This Popular Fast Casual Will Lay Off 5% of Its Workforce Due To Slowing Sales
The trend toward hybrid or fully remote work has impacted restaurants in urban areas that relied on office workers as their main customers. Fast-casual chains that have reigned supreme in city centers are now among those seeing lower sales as a result. Sweetgreen, a favorite lunchtime destination, just announced it will be laying off a chunk of its employees because of slower sales.
The Los Angeles-based chain said its "erratic urban recovery" after the pandemic resulted in a sales growth lag. Consequently, the company will be laying off 5% of its workforce in order to get back to profitability.
Summertime is usually Sweetgreen's best season, but instead, the chain didn't notice a lift in sales during the season. The company said it was first made aware of the sales slump around Memorial Day, which prompted it to lower its expectations.
![sweetgreen](https://www.eatthis.com/wp-content/uploads/sites/4/2022/06/sweetgreen.jpg?quality=82&strip=all&w=640)

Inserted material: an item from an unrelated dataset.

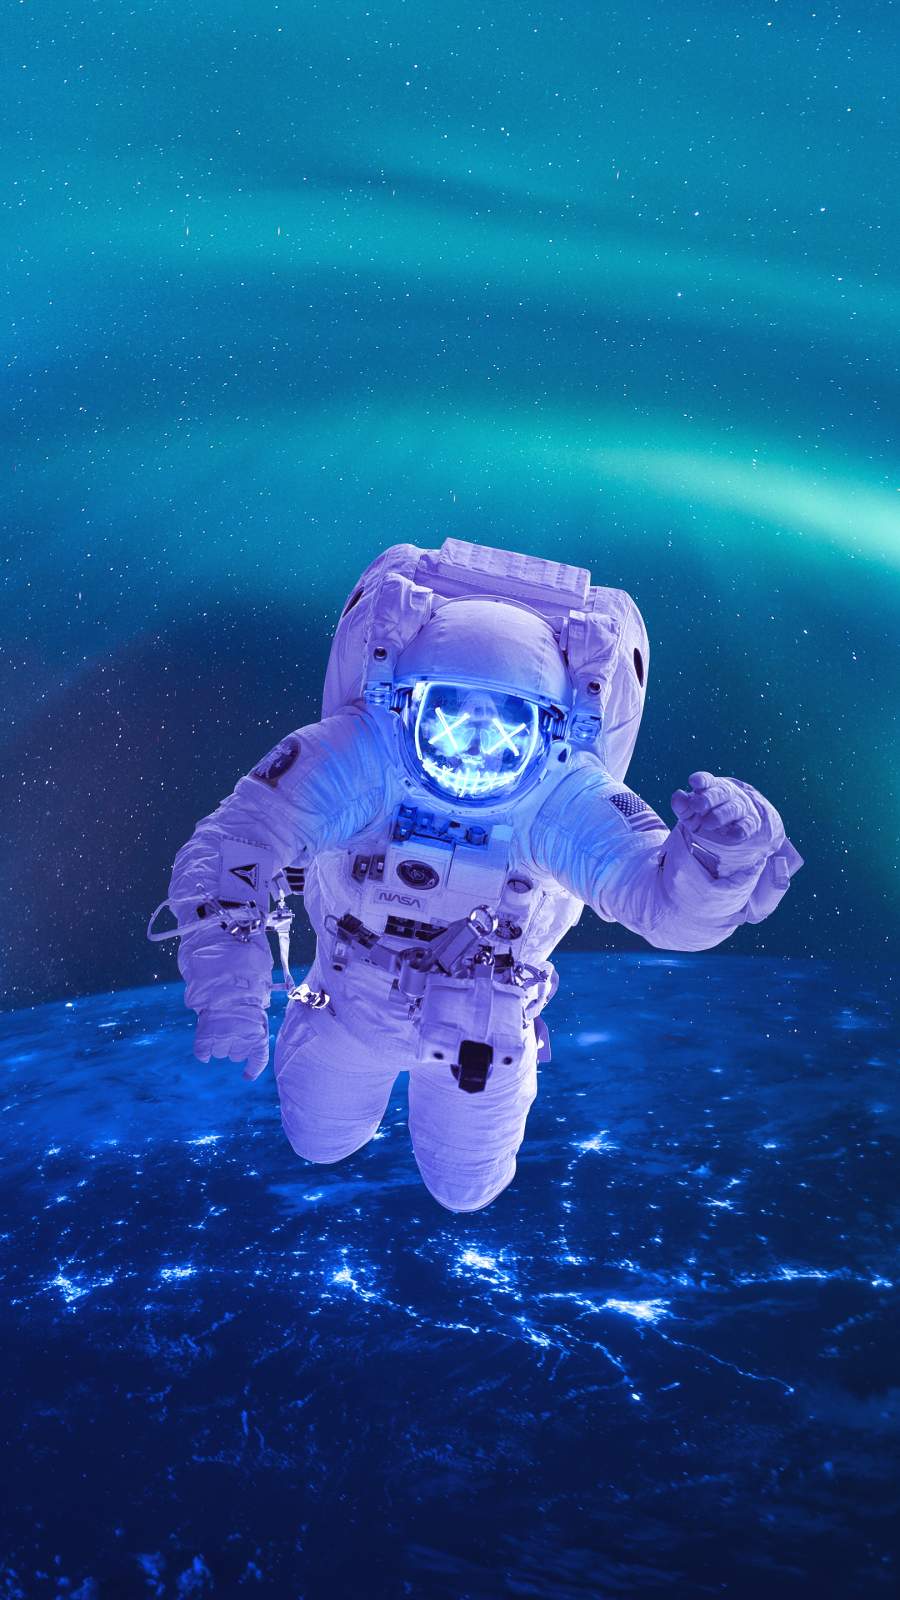 Neon Astronaut IPhone Wallpaper Wallpaper, iPhone Wallpaper

As part of its new plan, Sweetgreen said it will also be relocating its support center to a smaller space. The company now expects its same-store sales to land between 13% and 19% this year, which is still lower than the expected 26%.
Even before the pandemic, the fast-casual was transitioning out of the city and into suburban neighborhoods. It still has a heavy footprint in those regions but is working on moving away from high-density areas.
"At the end of 2019, our footprint was 65% urban, 35% suburban," CFO Mitch Reback said on an earnings call Tuesday. "Today it's 50/50. At the end of 2019, our urban restaurants had an AUV (average sales) of $3.1 million and our suburban restaurants had an AUV of $2.7 million. At the end of the second quarter of 2022, AUVs flipped (and) urban SUVs are now $2.7 million and suburban EVs are $3.1 million."
Sweetgreen operates more than 160 locations in 13 states across the country.